**Data block:**
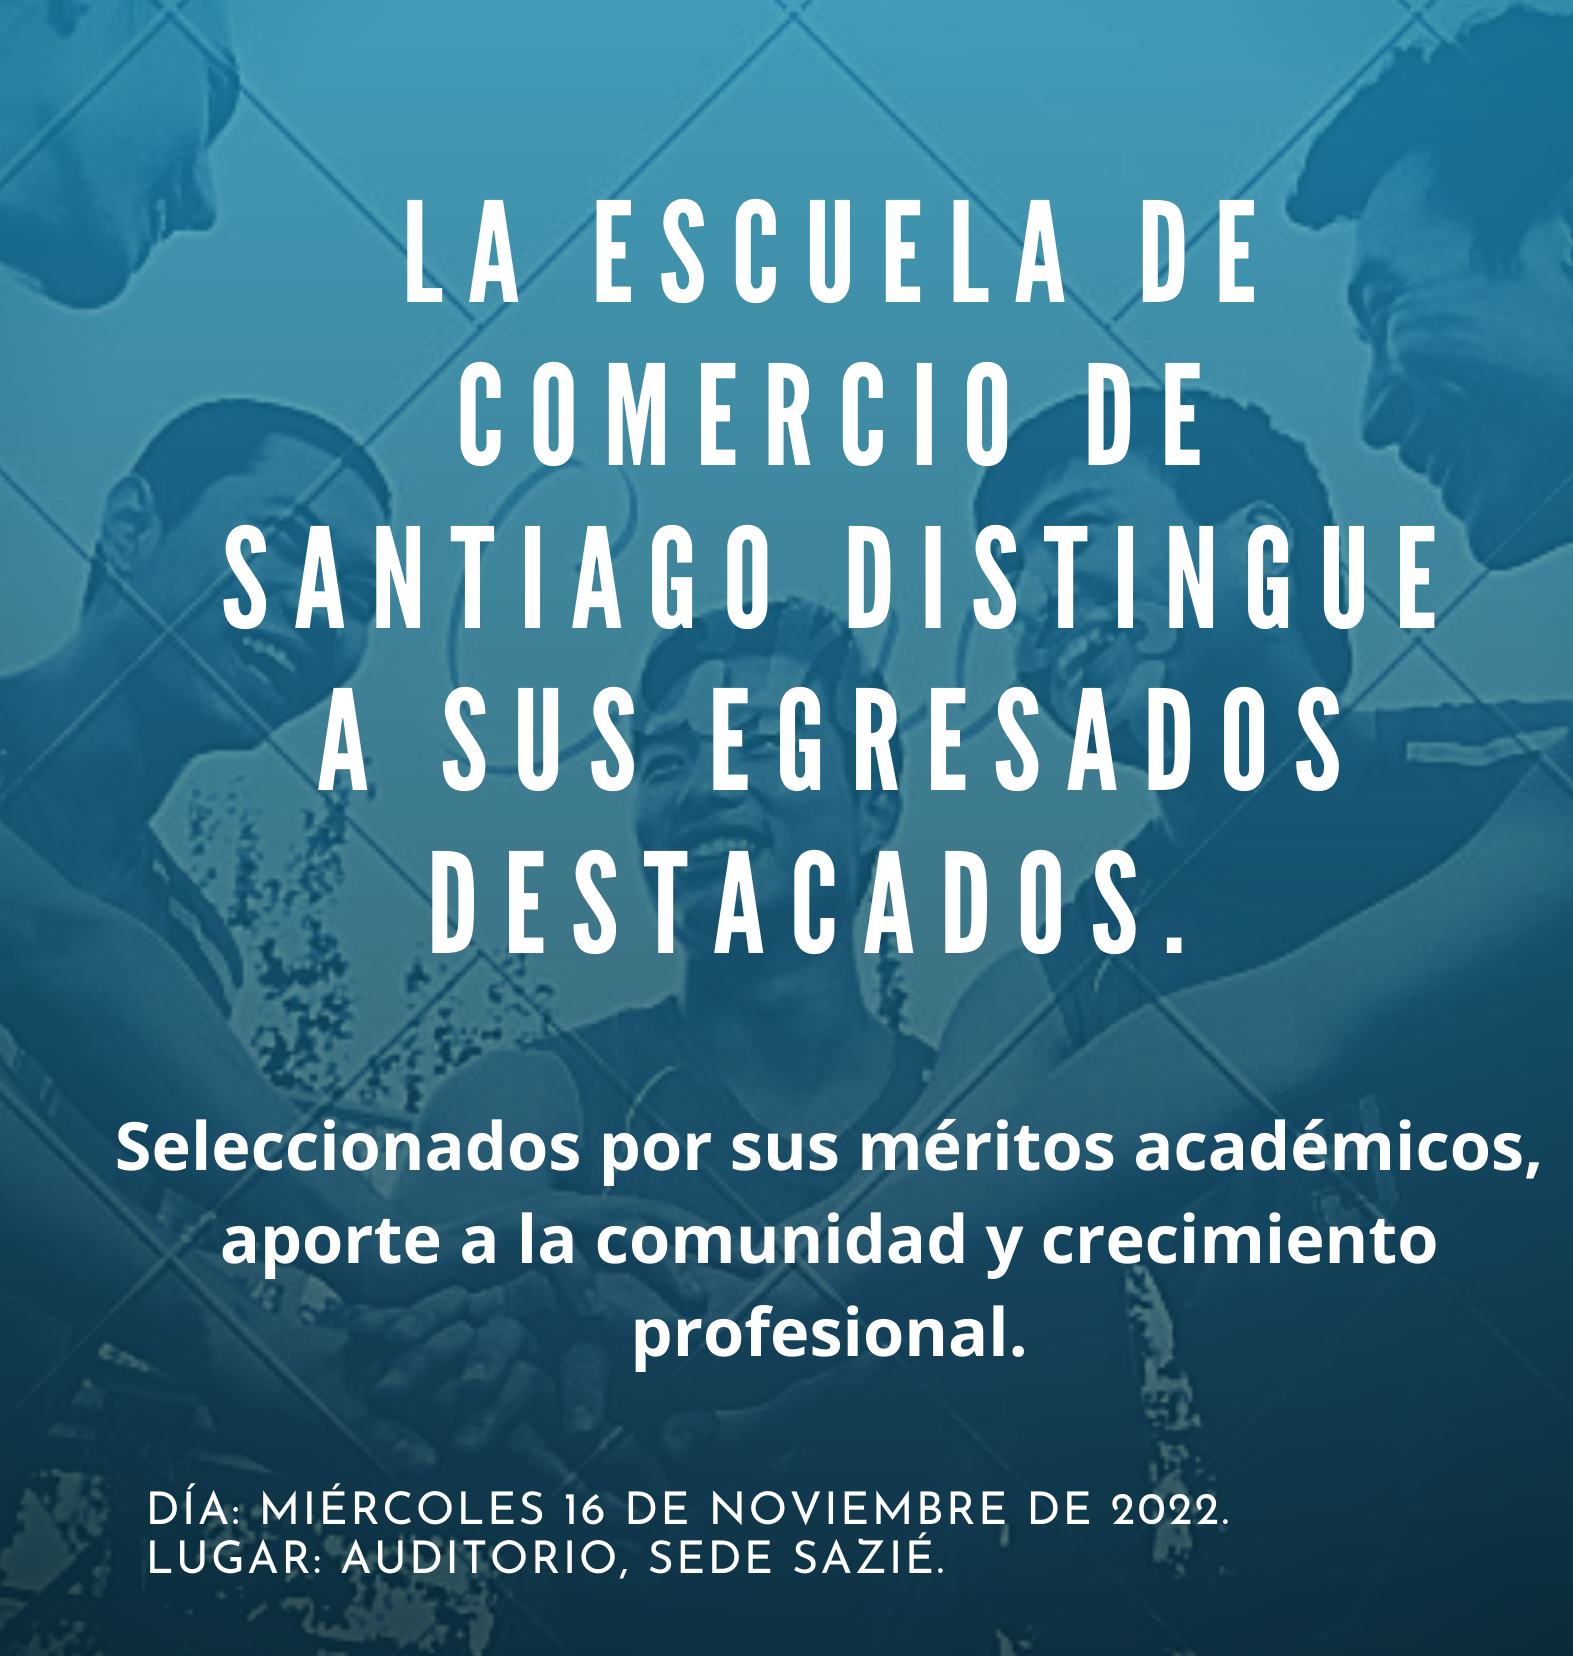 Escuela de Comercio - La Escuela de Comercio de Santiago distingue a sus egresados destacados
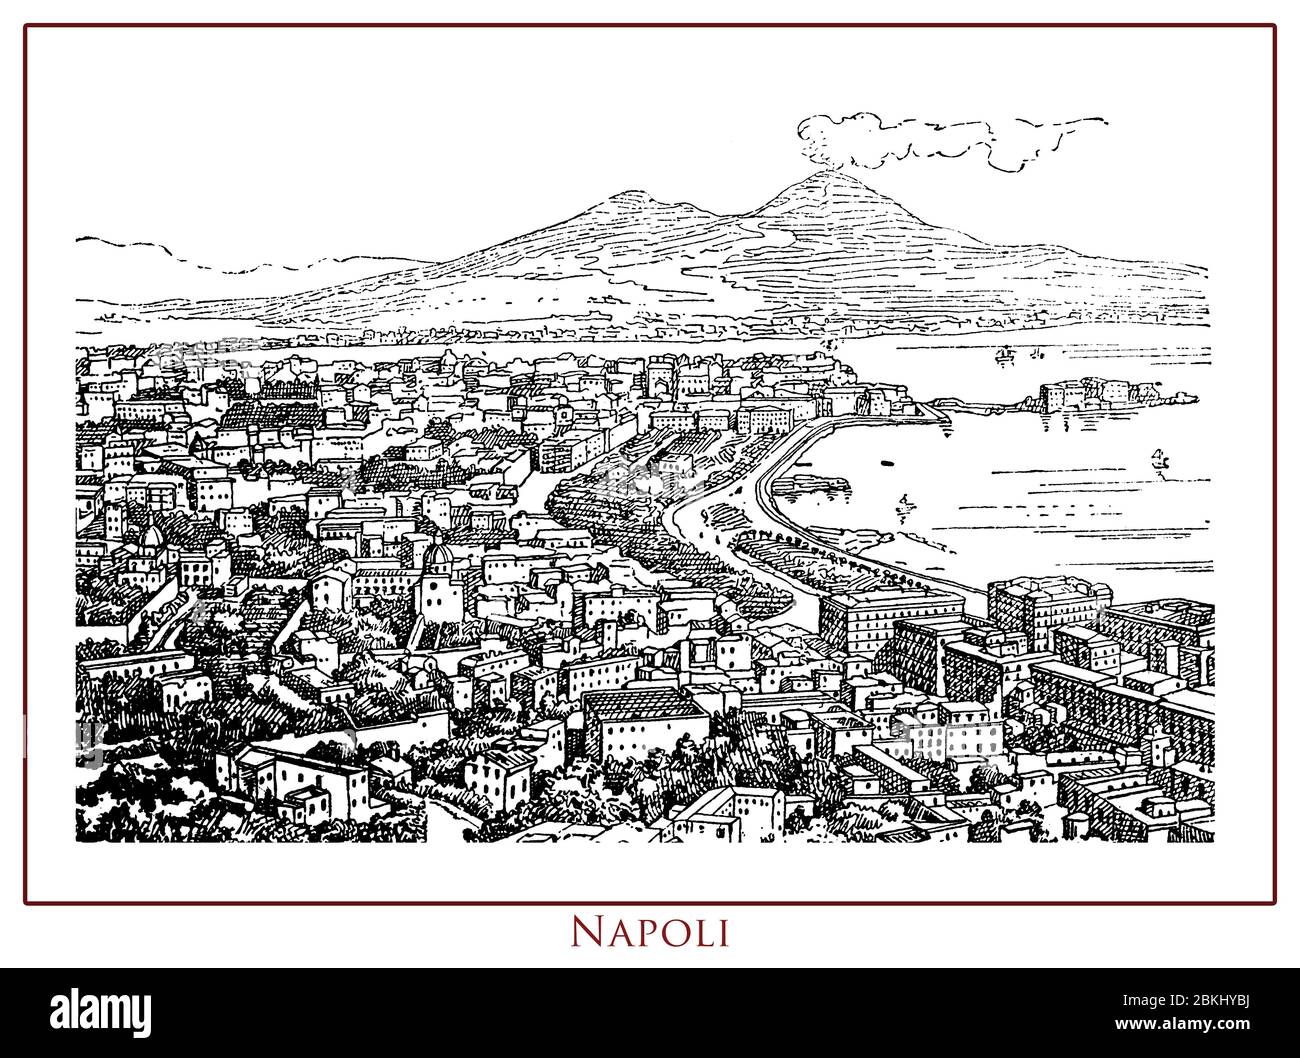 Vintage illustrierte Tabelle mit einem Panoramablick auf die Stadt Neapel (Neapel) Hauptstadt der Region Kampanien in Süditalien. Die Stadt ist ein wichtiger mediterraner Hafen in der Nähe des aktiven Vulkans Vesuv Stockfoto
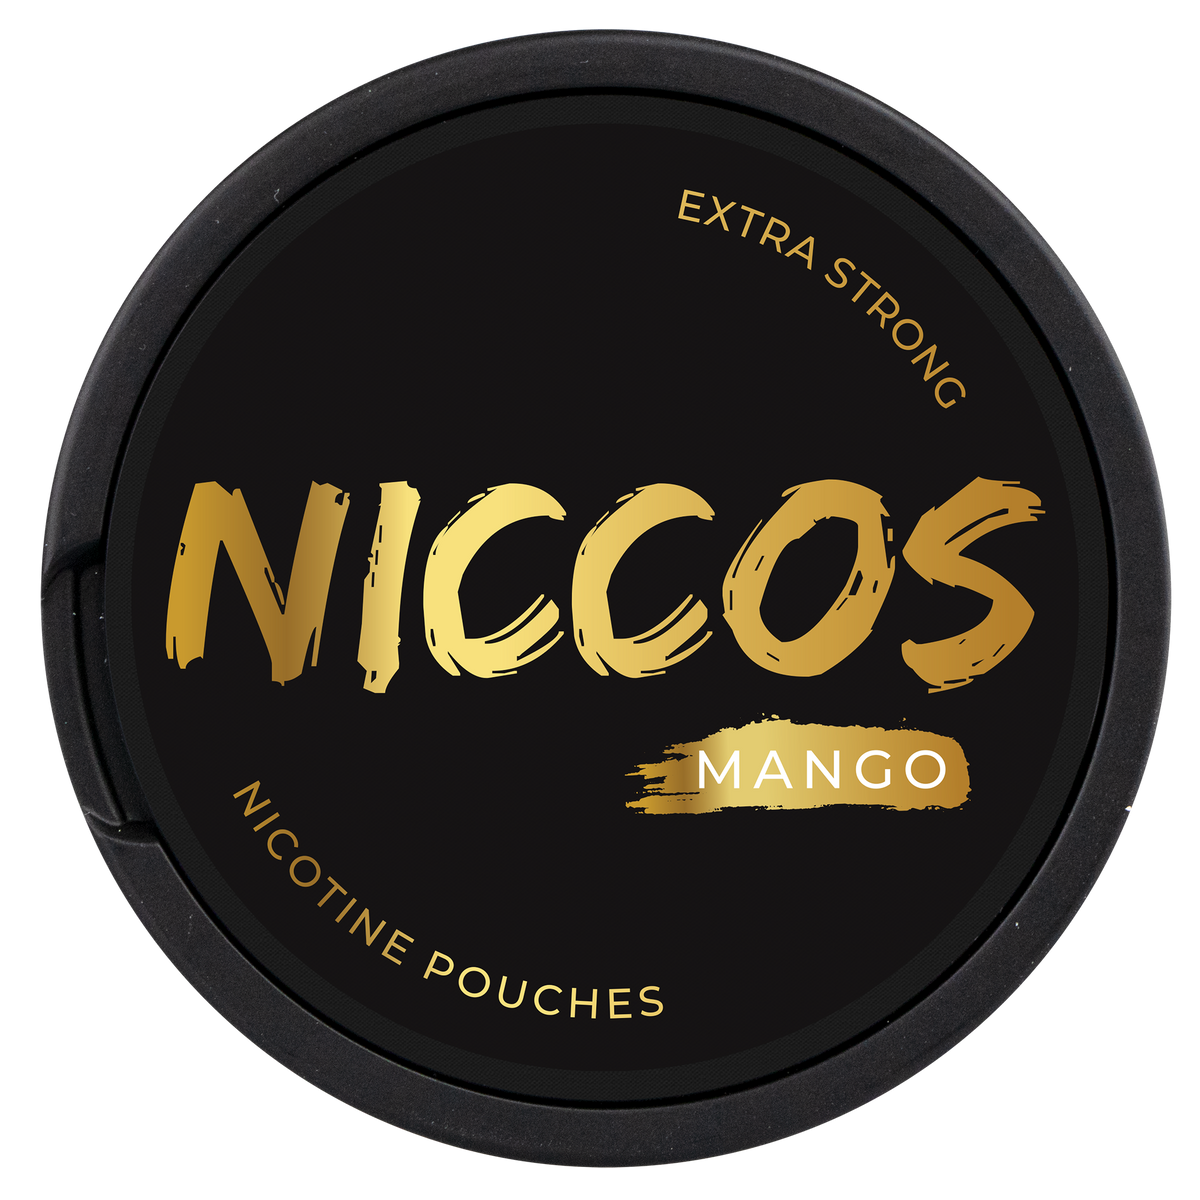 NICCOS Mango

**To do:** Could you transcribe all of the data exactly and omit the pictures?

**Answer to this task:**
 Escuela de Comercio - La Escuela de Comercio de Santiago distingue a sus egresados destacados
 Vintage illustrierte Tabelle mit einem Panoramablick auf die Stadt Neapel (Neapel) Hauptstadt der Region Kampanien in Süditalien. Die Stadt ist ein wichtiger mediterraner Hafen in der Nähe des aktiven Vulkans Vesuv Stockfoto
 NICCOS Mango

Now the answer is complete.